= Margaret Tartaglione =

Philadelphia politician

Margaret “Marge” Tartaglione (February 1, 1933 – July 9, 2019) was a Democratic politician from Philadelphia who served as city commissioner. She was elected in 1975 serving until 2011. She was the Democratic chairwoman of the 62nd Ward in Northeast Philadelphia from the 1960s until her death.

==Early life==
Tartaglione was born Margaret M. Warnecka in Port Richmond of Polish ancestry, graduating from the Nativity Commercial School. She married Eugene Tartaglione in 1950 with whom she had five children. The family lived in Oxford Circle of Northeast Philadelphia, and in the 1960s she was recruited by the Democratic Party to serve as a committee person and was soon elected Democratic ward leader for the 62nd ward.

==Political career==
Tartaglione was elected to the Board of City Commissioners in 1975 on the ticket headed by Frank Rizzo and served until she was defeated in 2011. She was the first Democratic woman to be elected citywide, and served nearly 40 years in the Philadelphia City Commissions Office, mostly as chairperson, the longest tenure of any commissioner since the office was formed in the 1850s. She oversaw Philadelphia City elections and is credited with hiring and maintaining an effective team of civil service workers, implementing computerized voting, and instituting the policy of "sunshine meetings" in which the city commissioners are required to discuss and vote on matters in public. Jim Kenney, city councilman when Tartaglione left office and later mayor of Philadelphia, noted that critics of the system often failed to appreciate the immense challenges involved, and that she and her team managed Election Day with the precision and coordination of military generals.
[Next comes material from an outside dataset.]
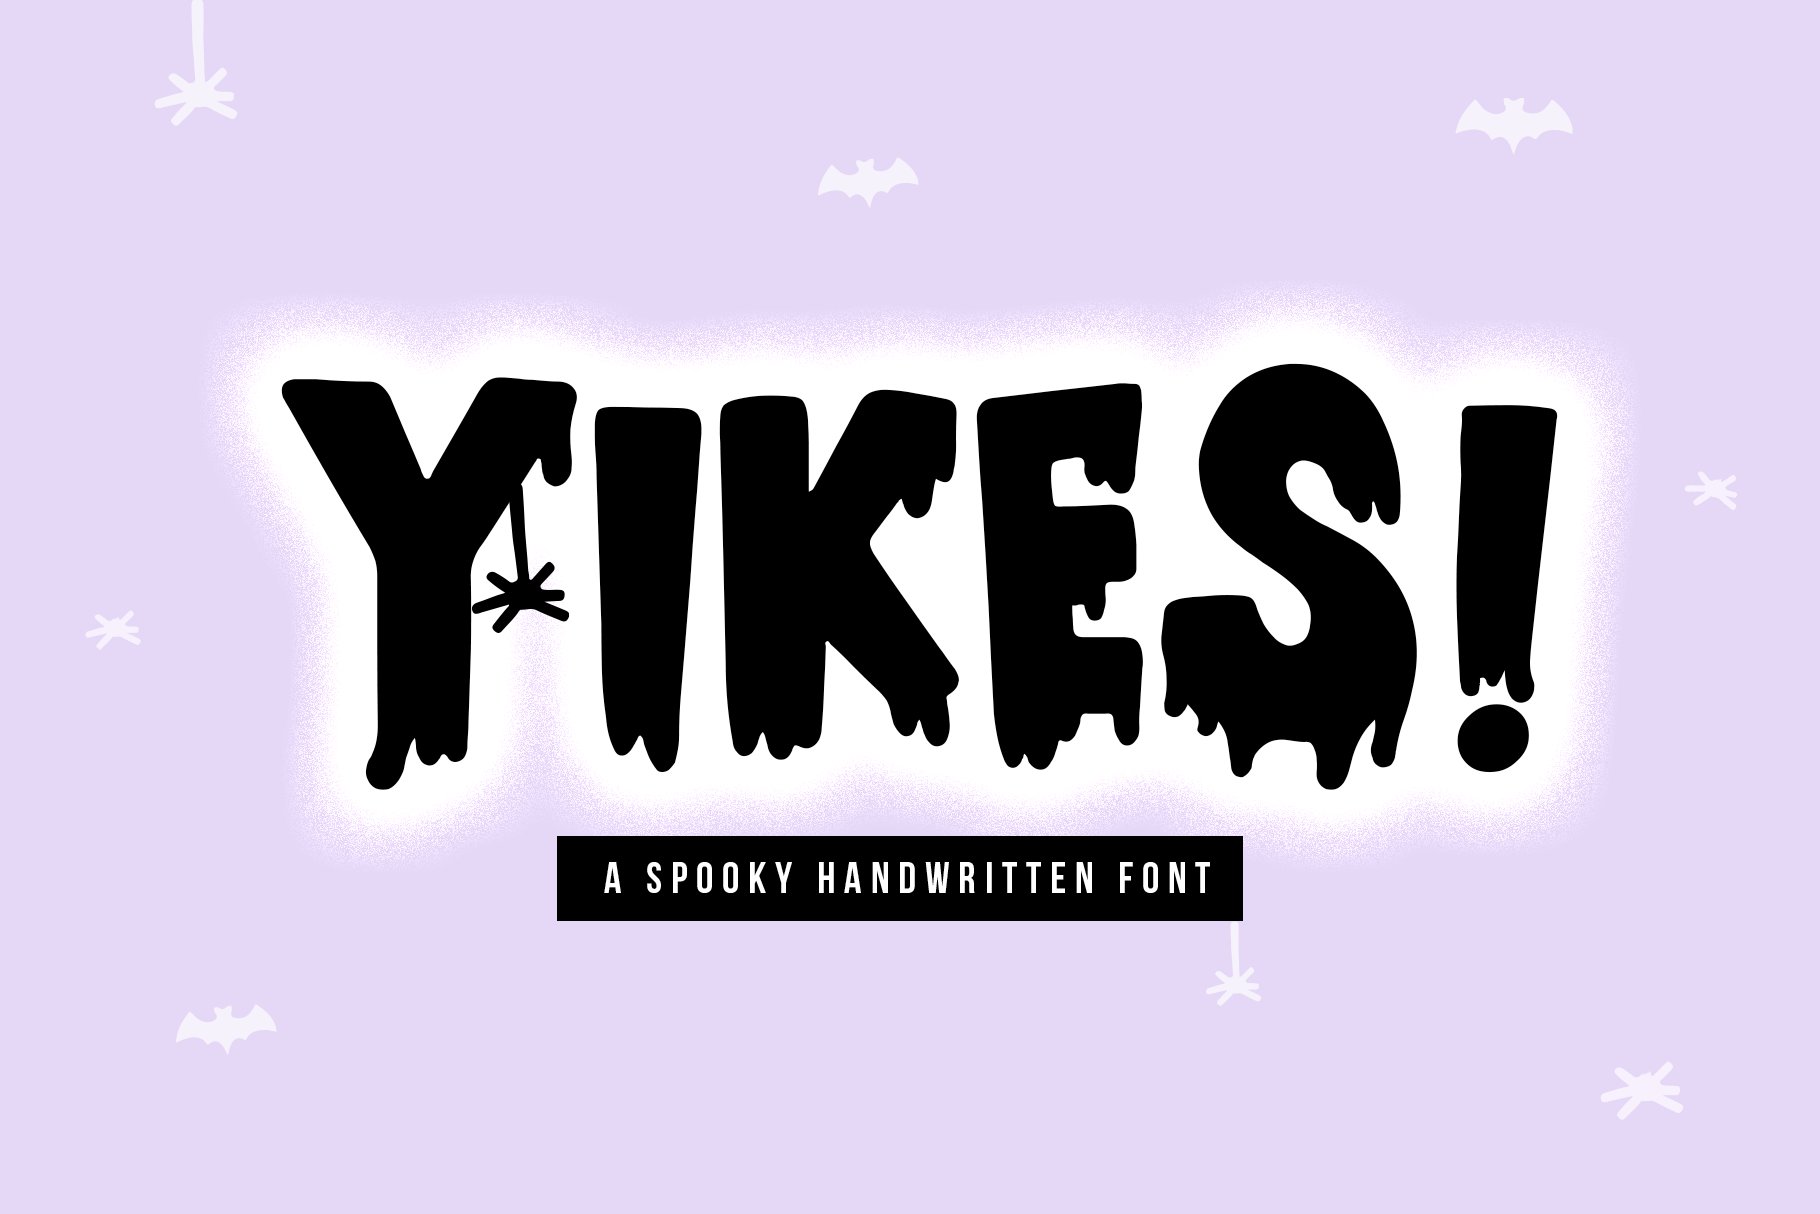 Yikes | Dripping Halloween Font cover image.

Known for her raspy voice and sharp wit, Tartaglione was regarded as a tough veteran ward leader who was known for speaking her mind. When a rival crossed her she would clearly let them know while also opening doors for women in local politics. Holding ward meetings in the basement of her Oxford Circle home, she was noted for requiring candidates to sing in front of her ward committee members before considering them for an endorsement. City councilman Mark Squilla said she and the committee people mostly discussed city services, not bigger political issues, i.e. quality-of-life issues like fixing a pothole or streetlight rather than a specific policy.

==Criticism==
In 1978, she moved a polling place shortly before election which prompted a complaint from then state Rep. Bob O'Donnell which led to district attorney Ed Rendell charging her with violating election code, leading to her arrest on election day. The charges were dropped and she sued O’Donnell, later settling with him out of court.
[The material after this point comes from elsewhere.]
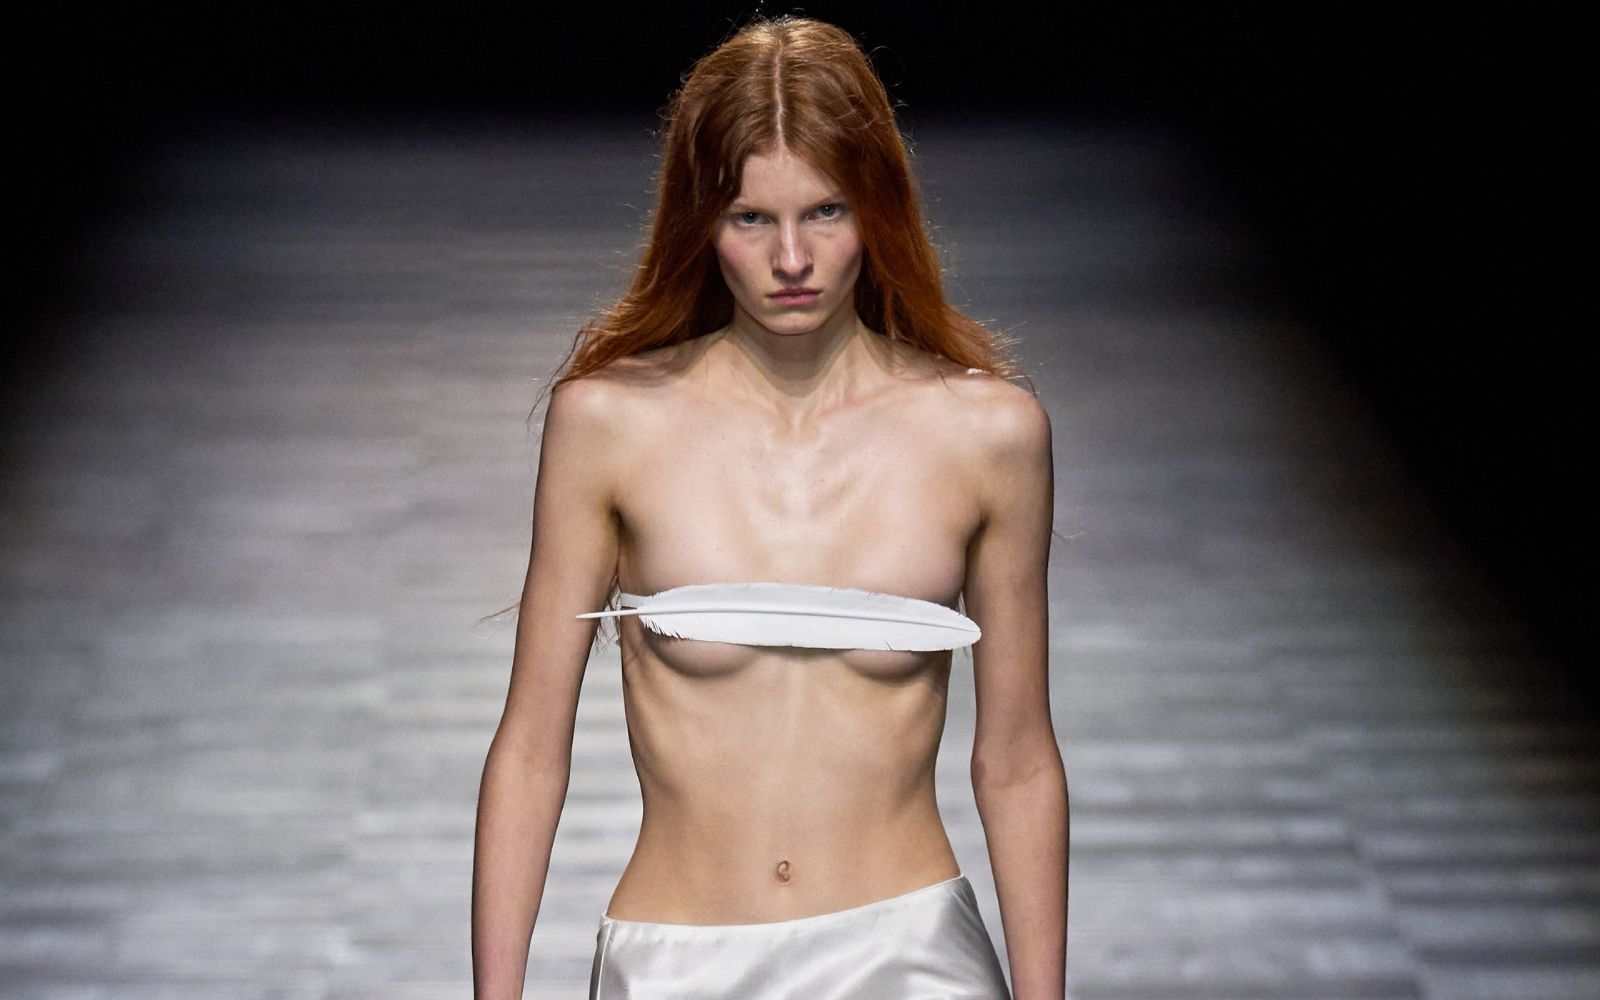 Bralettes Are Trending, According to the Runways, No Shirt, No

In 1994, a judge ordered the removal of William G. Stinson from the Pennsylvania State Senate due to a voting scandal in the Second Senate District, where the two Democratic commissioners including Tartaglione were accused of allowing absentee ballot packages to be distributed via Stinson’s campaign instead of directly to voters, contrary to election rules, and failing to properly timestamp and verify voter signatures. His ruling sharply criticized Tartaglione, finding her complicit in enabling the fraud, accusing her of failing to prevent and potentially facilitating misconduct. She claimed the ruling unfairly disenfranchised voters and compared it to the Dred Scott decision. The Republication commissioner John F. Kane said he was unaware of any misconduct. When later asked if her constituents were upset about the absentee voting scandal she said that they were not since they knew her.
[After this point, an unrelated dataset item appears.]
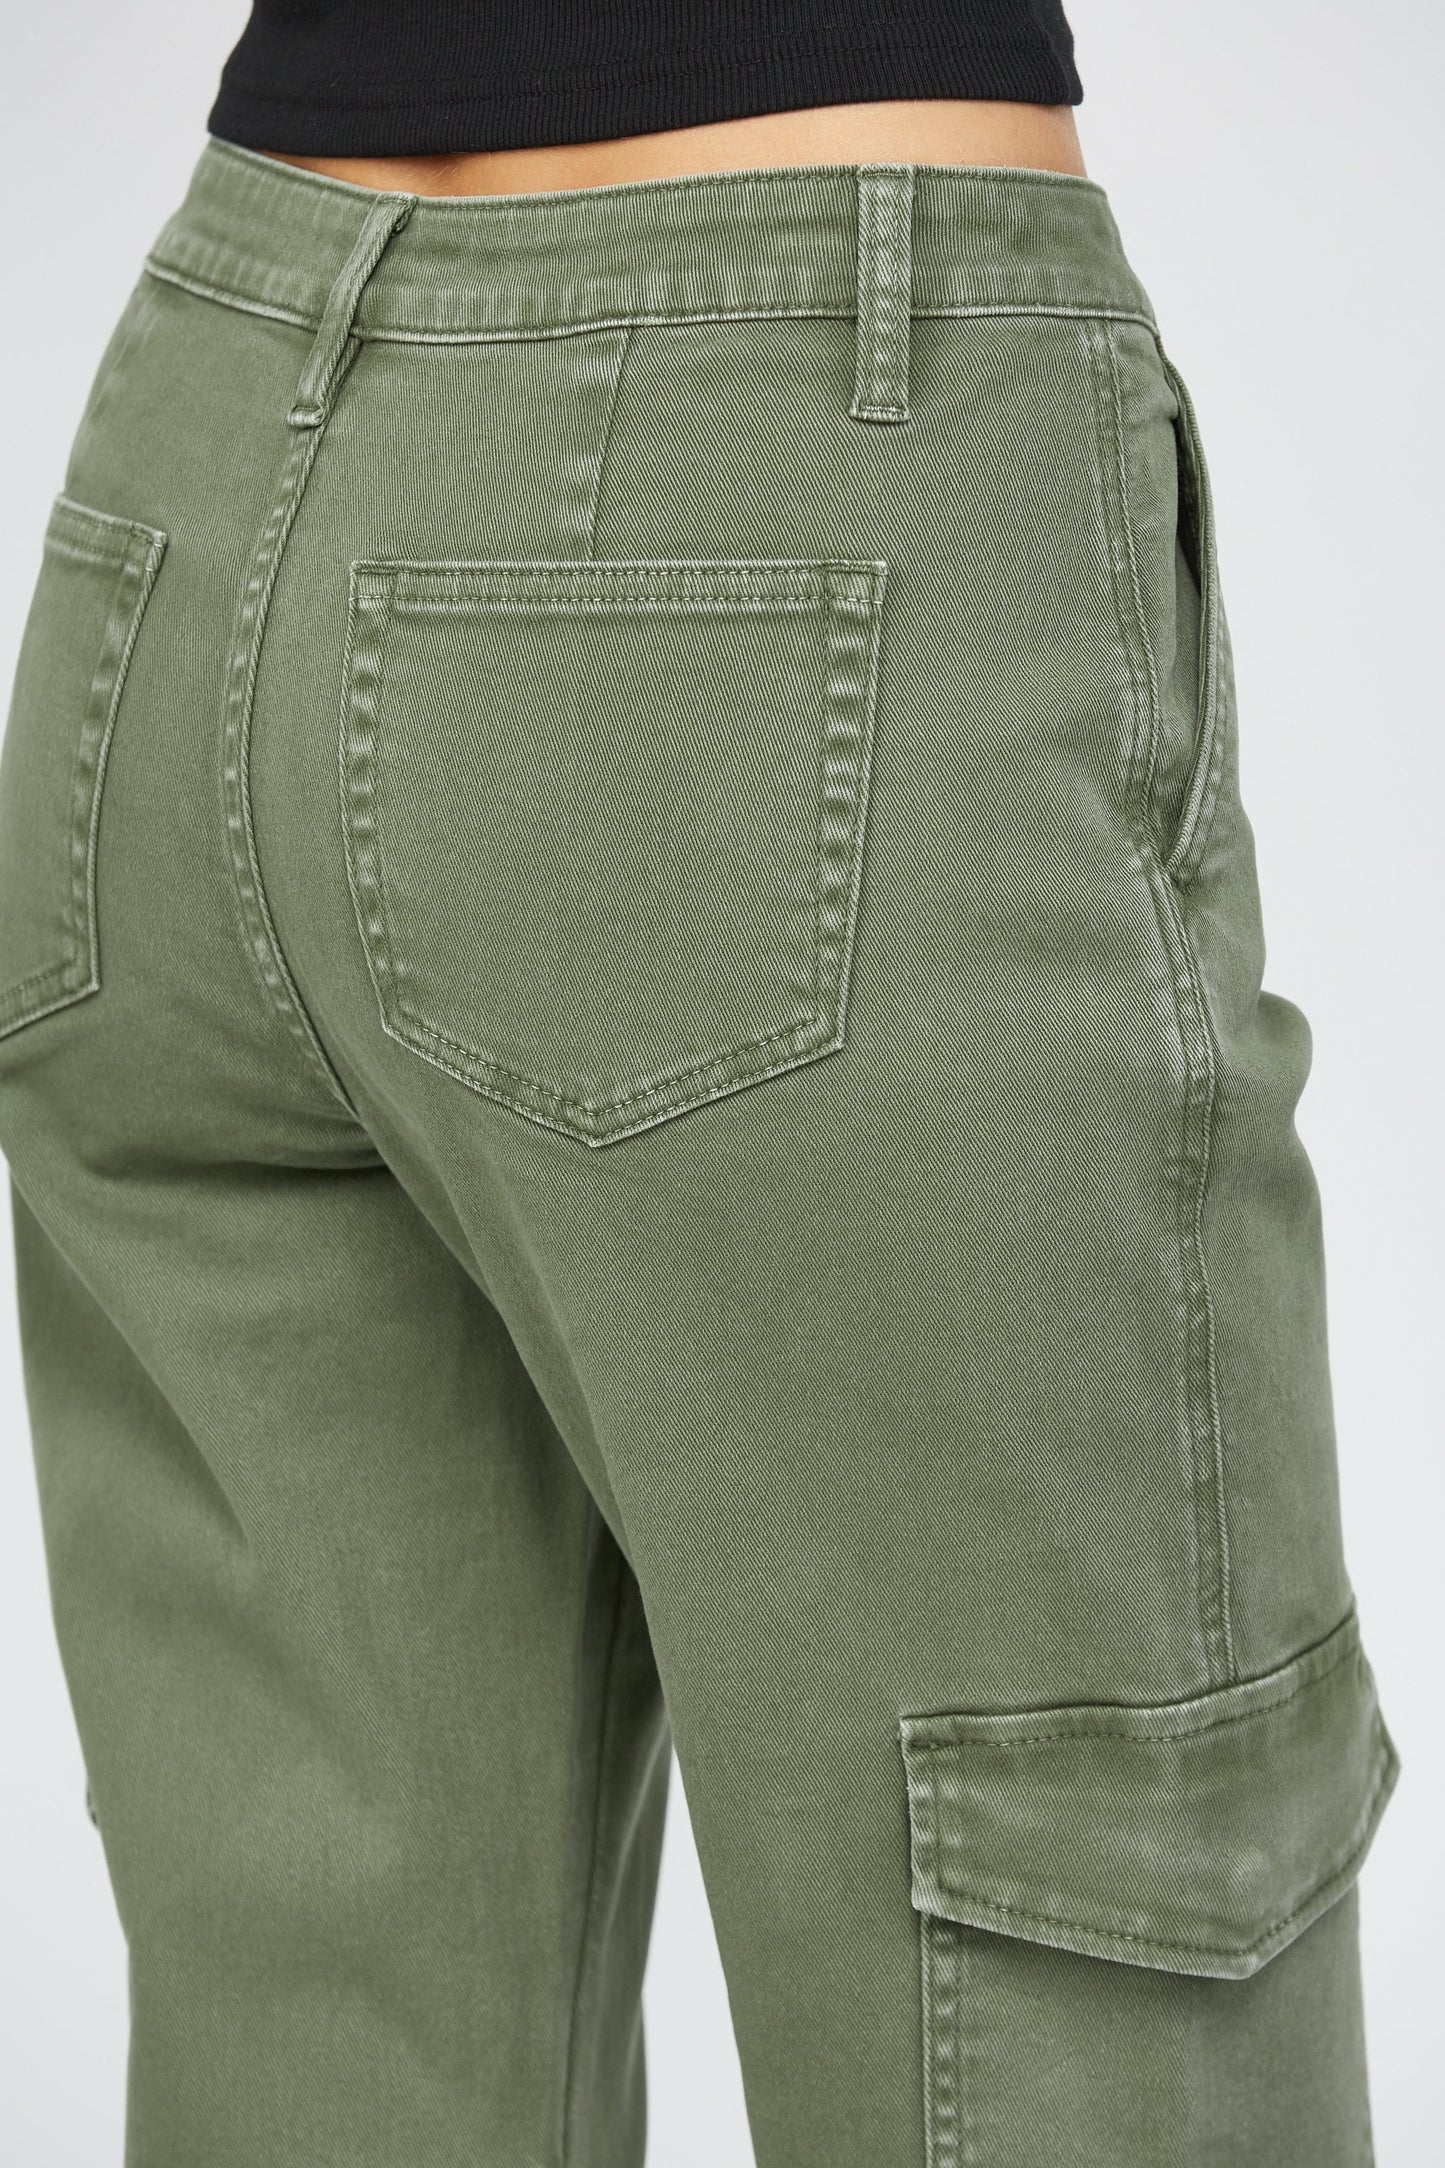 HIGH RISE TAPERED CROP OLIVE PANT

In 2010, the Committee of Seventy criticized the Philadelphia commissioners about their management of elections, recommending they do more to stop electioneering within ten feet of polling places as well as provide more training for and transparency of poll worker positions.

==Family in politics==
Marge Tartaglione was also the matriarch of a political family, including her daughters, State Sen. Christine “Tina” Tartaglione and Renee Tartaglione Matos. Renee, who served as chief of staff in her mother’s city commissioners office, retired from her position as deputy elections commissioner after a Board of Ethics investigation determined that she ordered ballots that misled voters and collected street money for her mother and husband’s election funds. Renee was later imprisoned for federal fraud and theft convictions.

When her daughter Tina ran for the Pennsylvania State Senate 2nd district seat in 1994, in the primary race the challenger Harvey Rice printed a ballot that said he was the endorsed candidate when Tina was the party’s pick. When Marge found out she called the district attorney Lynne Abraham, party chairman Bob Brady, and anyone else she could think of so that early in the morning a lawyer was working on court pleadings and by noon a judge had ordered Rice, who was supported by then mayor Ed Rendell, to stop handing out the ballot. Rice called this court order an abuse of Marge Tartaglione’s power. Tina defeated Rice in the primary and won the general election by a 393 vote margin, and as of 2024 still holds this office.